大空の船 – 第6章 後編

「空賊はどんどん勢力を拡大しているそうです。もしこの都市が見つかったら、いずれ侵略される恐れだってある。今のまま閉じこもっているだけでは防ぎようがありません」

すると、長老派の老人が厳しい声で言い放つ。

「ではお前たち若造は、秘術を解放すればそれを防げるとでも? 大いなる力は、常に大きな災いを呼び寄せるものだ」

そのとき、リタが膝を進め、「私たちも実際に紅蓮のガイウスという恐ろしい空賊団を目の当たりにしました。あれほどの火力を持つ連中が、この都市の秘術に興味を持たないはずがない。だからこそ、むしろ私たちと協力して安全に運用する方法を探してほしいんです」と訴える。

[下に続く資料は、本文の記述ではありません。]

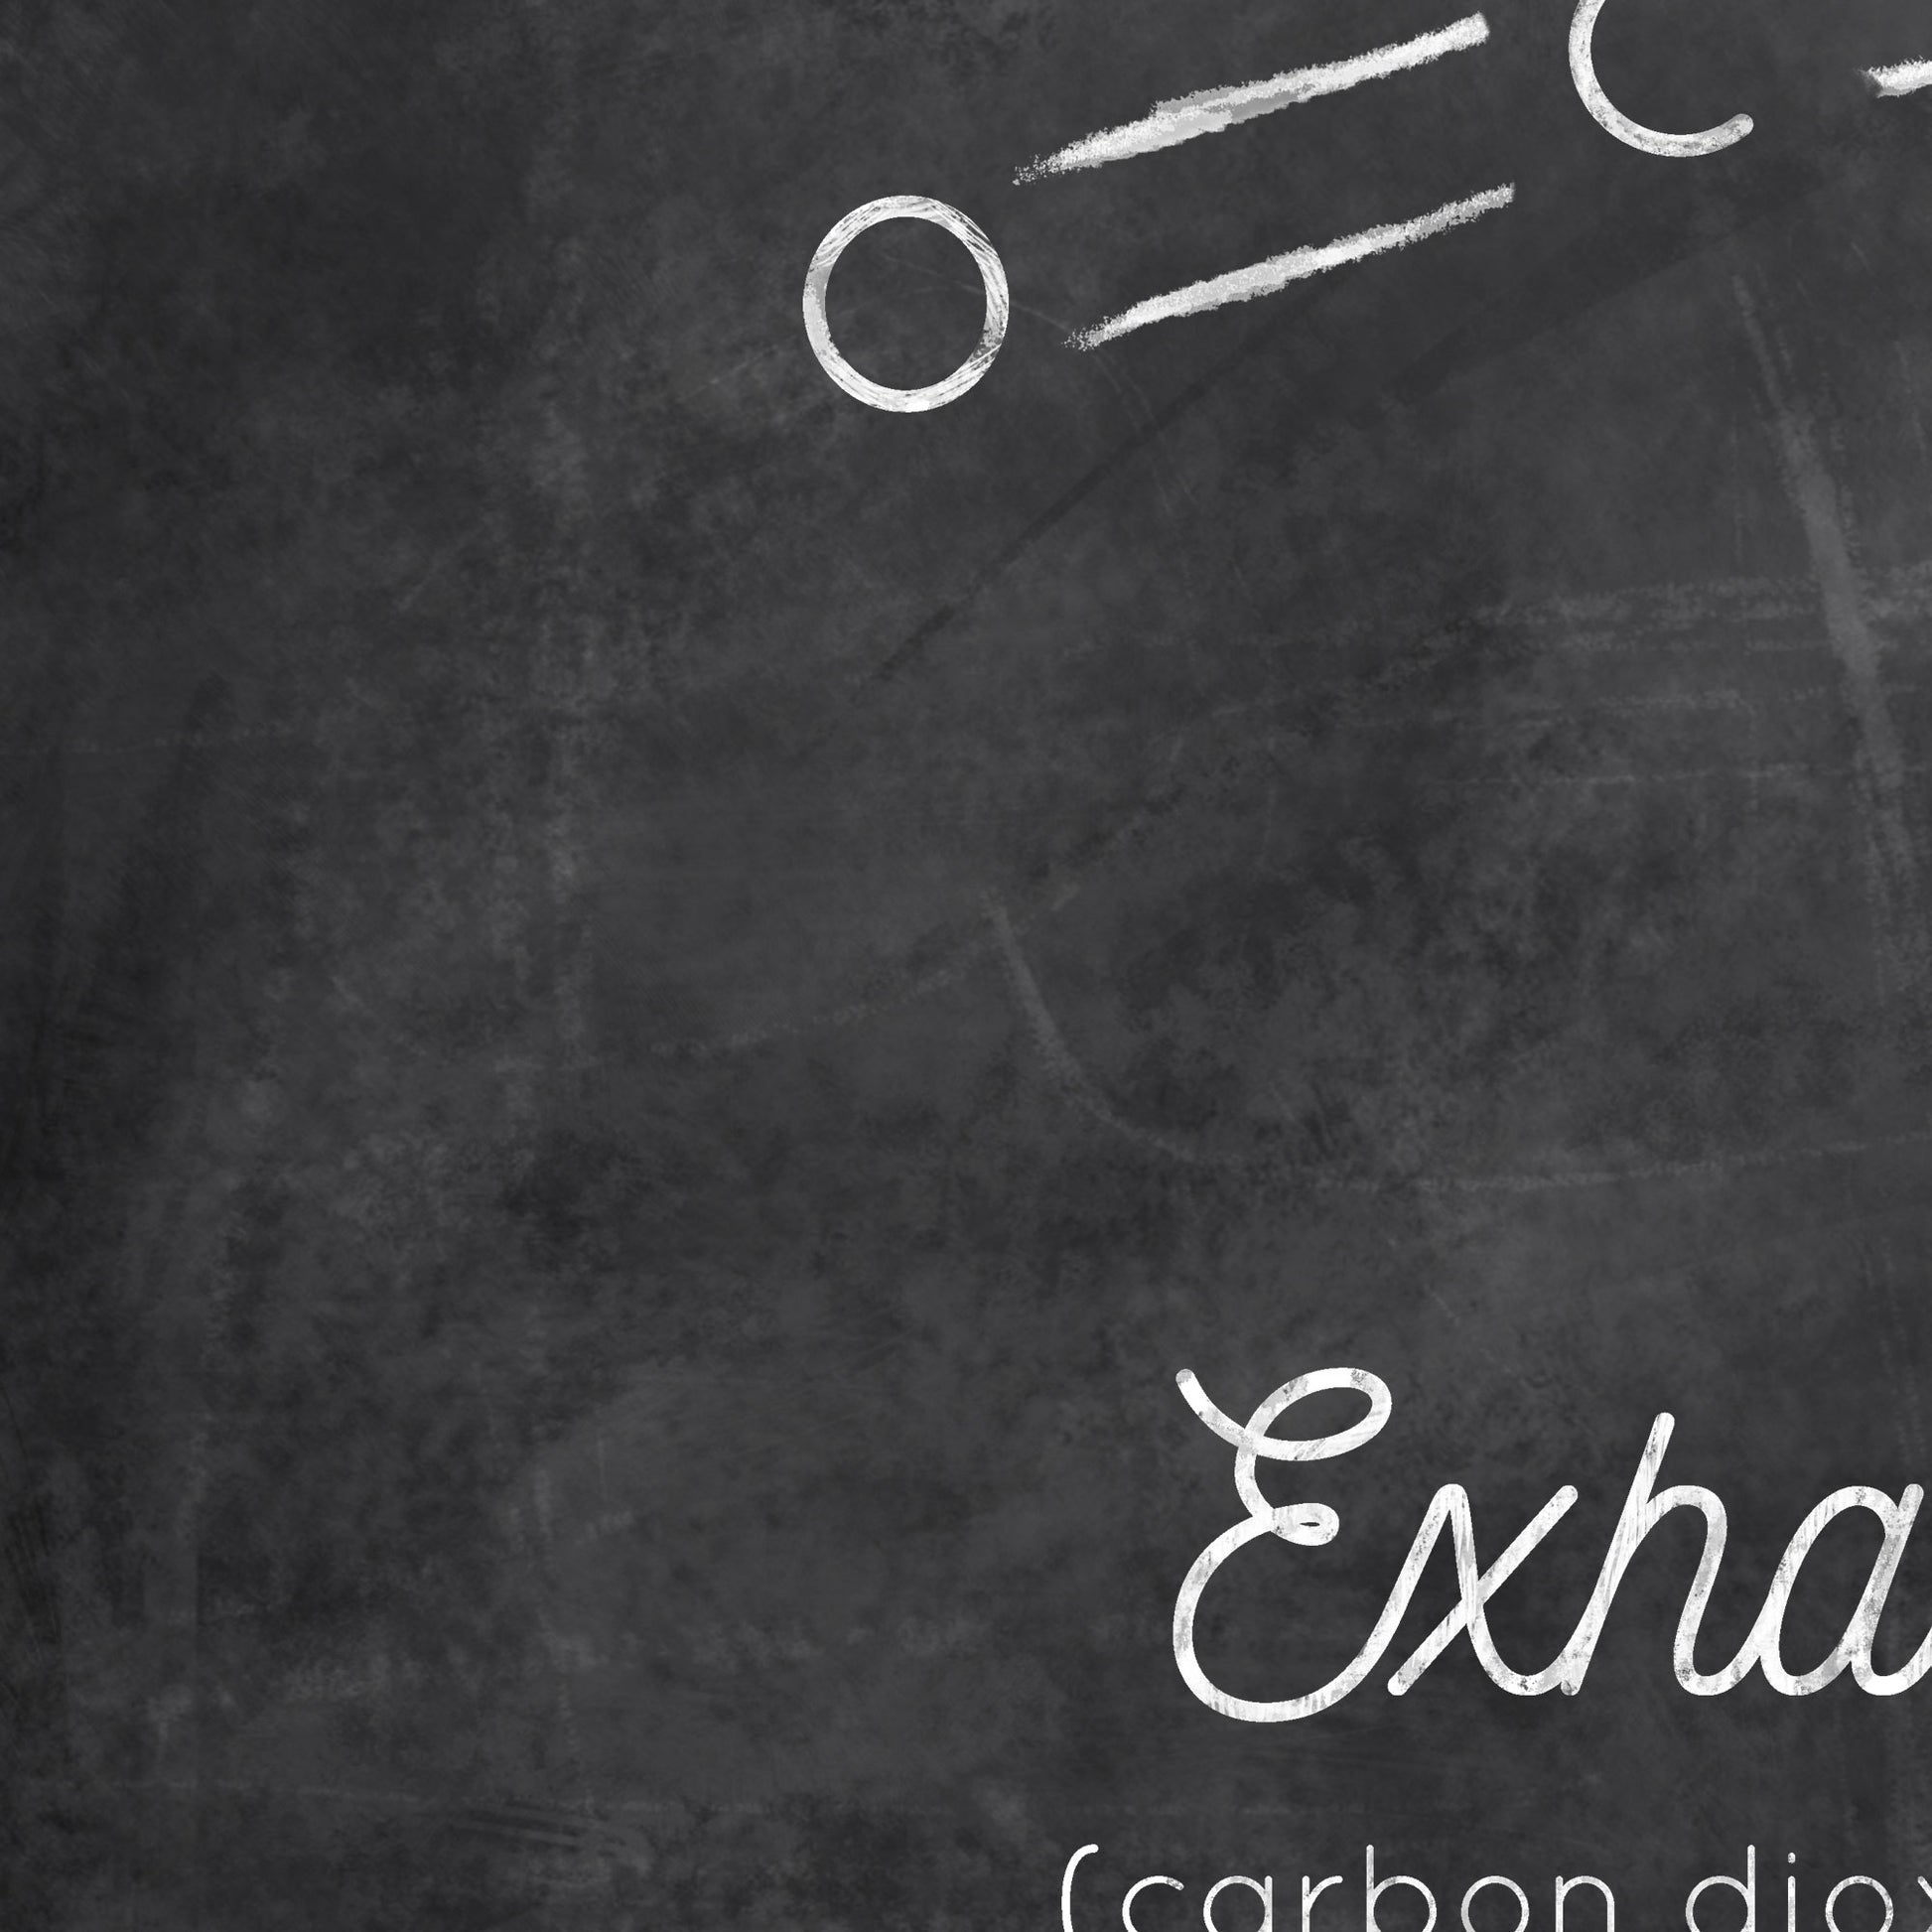 Exhale Distressed Chalkboard Up Close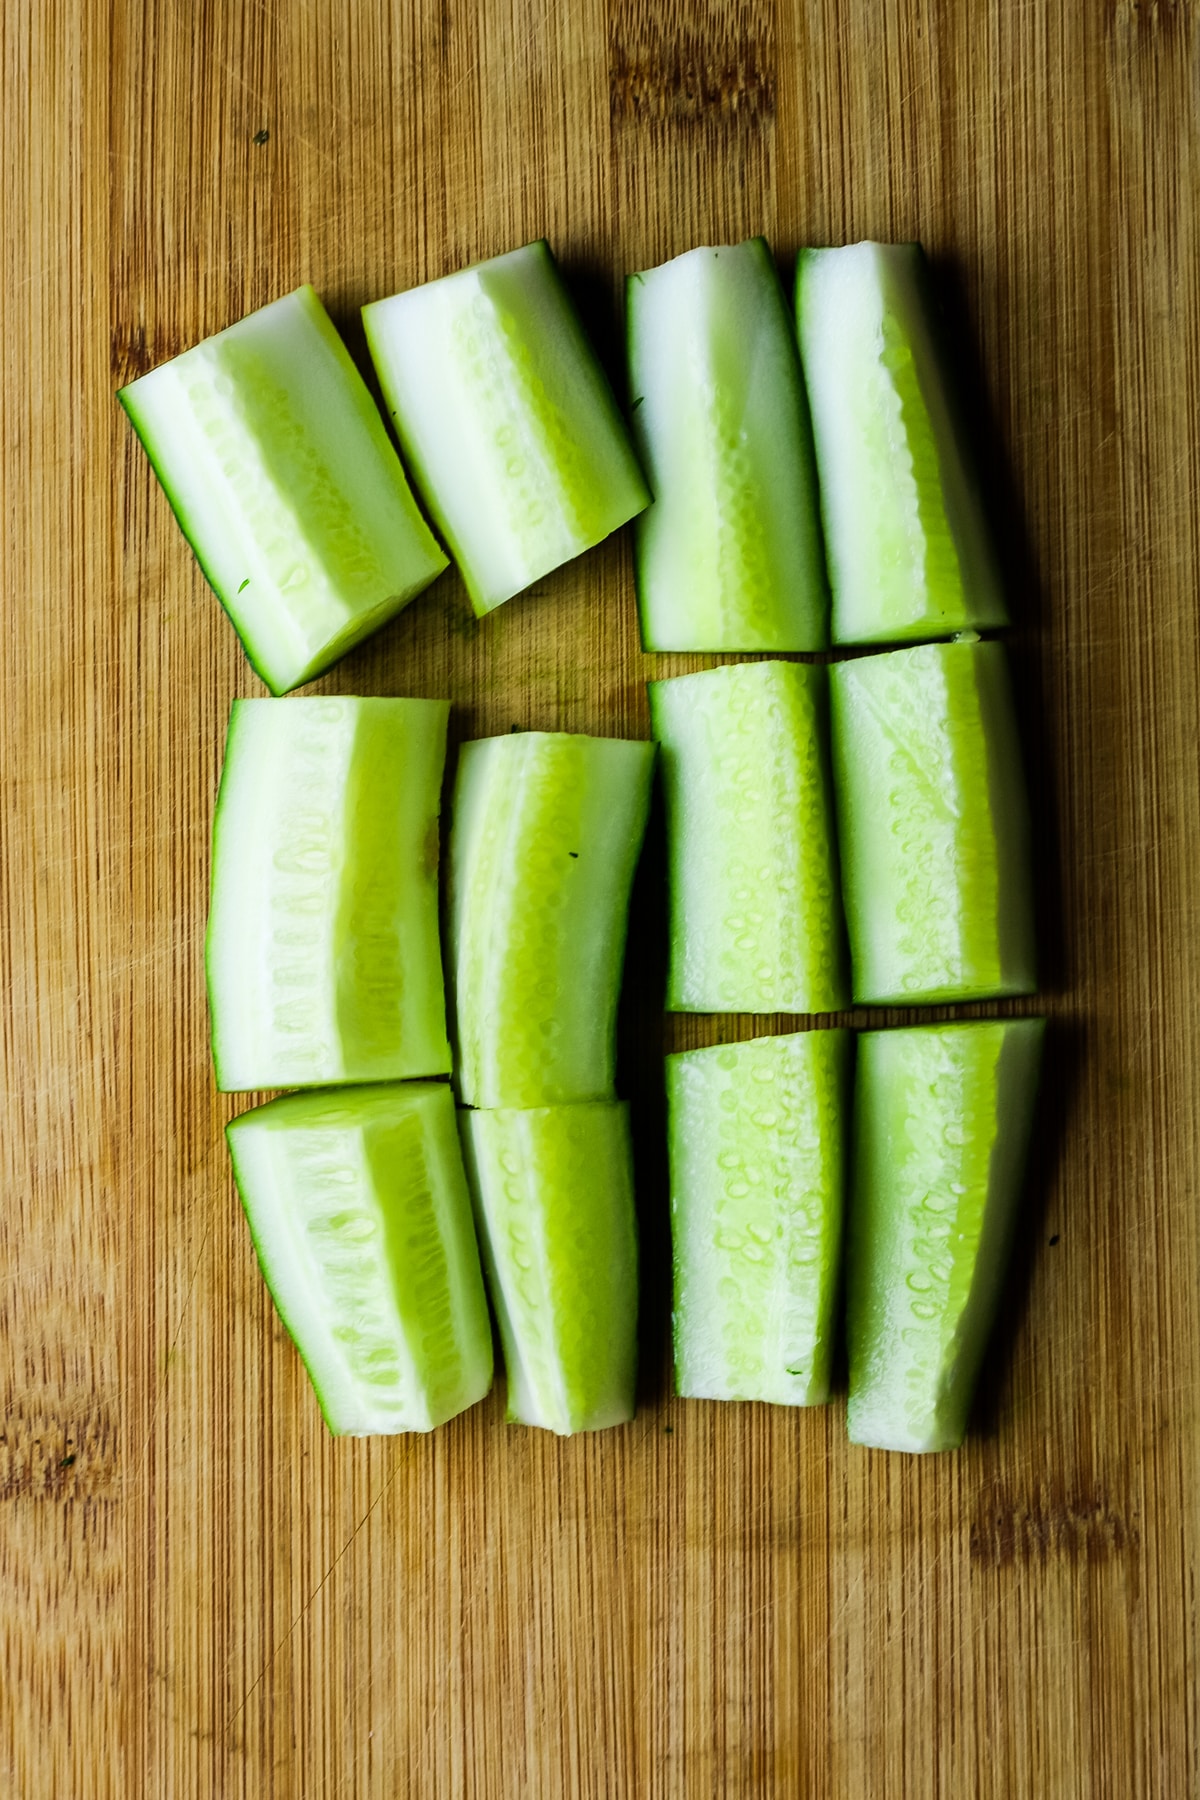 cut cucumbers lengthwise on a wooden cutting board.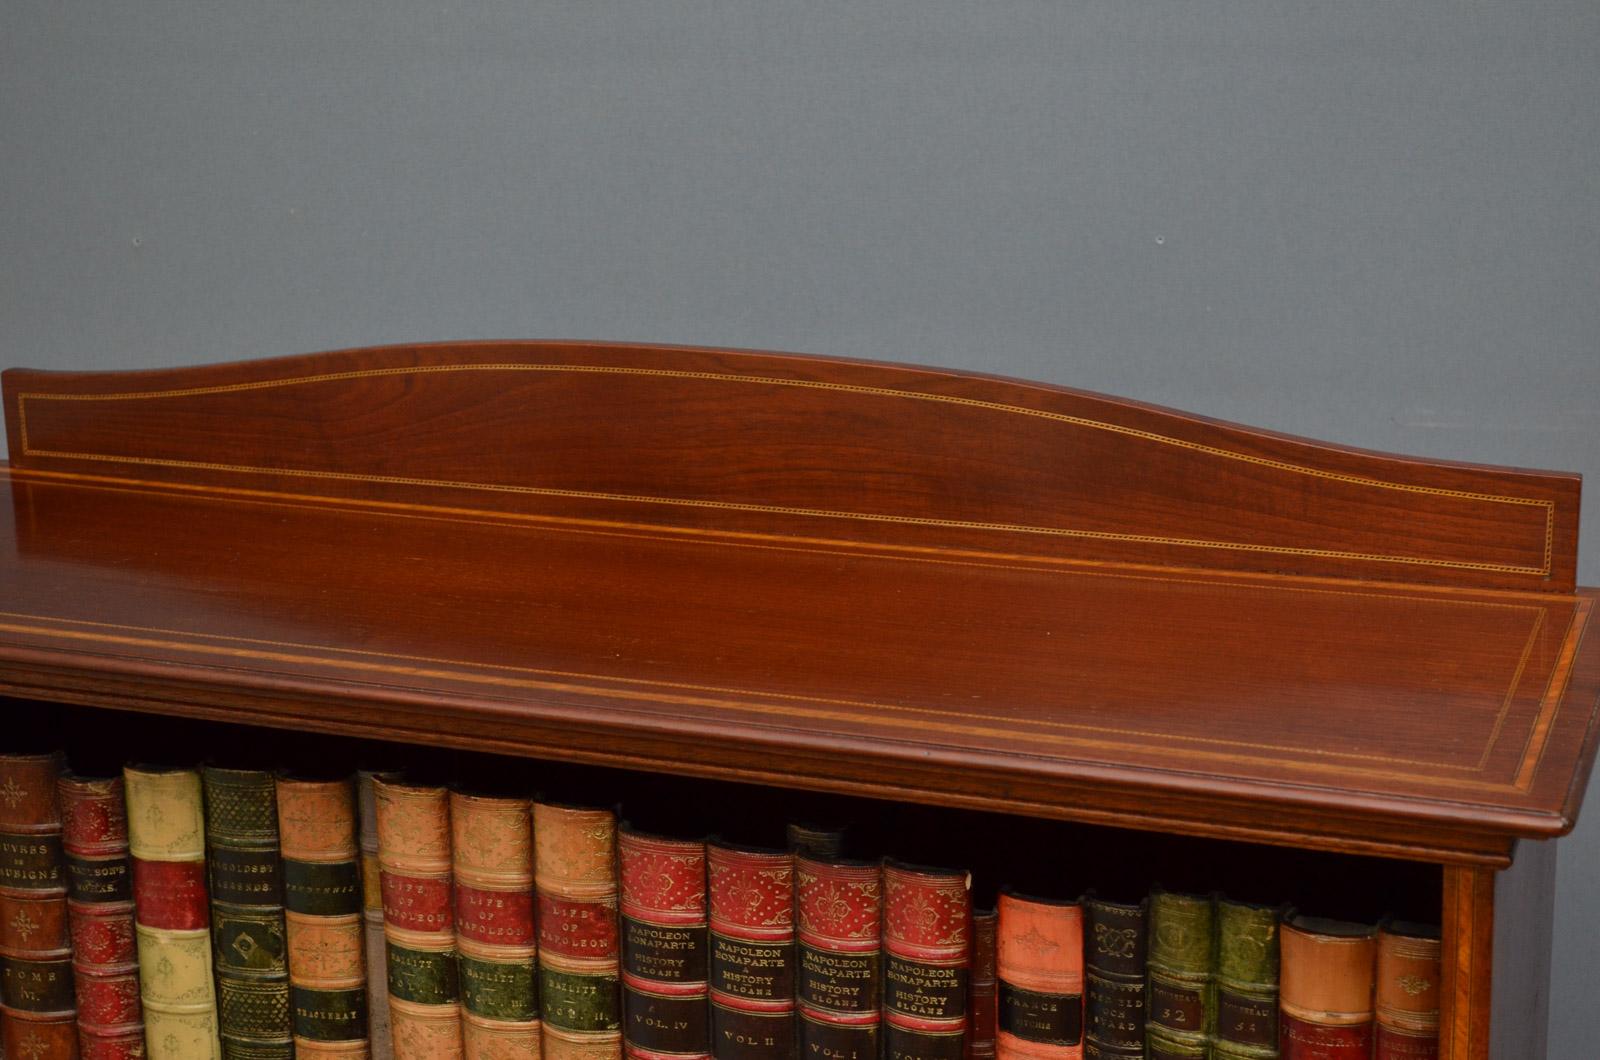 Sn4286, Edwardian mahogany open bookcase, having shaped and inlaid upstand above three shelves flanked by satinwood crossbanded pilasters, all standing on bracket feet. This antique bookcase has been sympathetically restored, circa 1900

Measures:

会合は平行線かと思われたが、若い住民たちが次々と声を上げ、都市が抱える限界と外部との協力の必要性を主張しはじめた。「このまま廃れていくより、外の世界と共に可能性を切り拓くべきだ」という意見が次第に勢いを増す。長老派は唇を噛み、苦々しい表情を浮かべながら沈黙していた。

しばしの沈黙の後、長老派の一人が「ならば、ある試練を乗り越えてみせよ」と静かに言い放つ。周囲がざわつく中、その老人は険しい目つきのまま語る。

「この都市の“封じられた中枢”には、古代の力を制御するための鍵となる装置がある。だがそこは危険が多く、我々でさえ手を出せずにきた場所だ。もし、お前たちがそこに潜り、本当に力を正しく扱えるか見極めさせてもらおう」

アレンたちクルーとソエンをはじめとする若者たちは顔を見合わせる。危険な場所だというのは容易に想像できるが、都市の未来を切り拓くための試練なら、躊躇する余地はない。

「わかりました。受けて立ちます。その装置を動かさずとも、少なくとも安全に管理できるかどうか調べてきます」

アレンが決意を示すと、長老派はなおも険しい顔だが、何も言わず深くうなずいた。こうして試練の場への挑戦が、急速に具体化していく。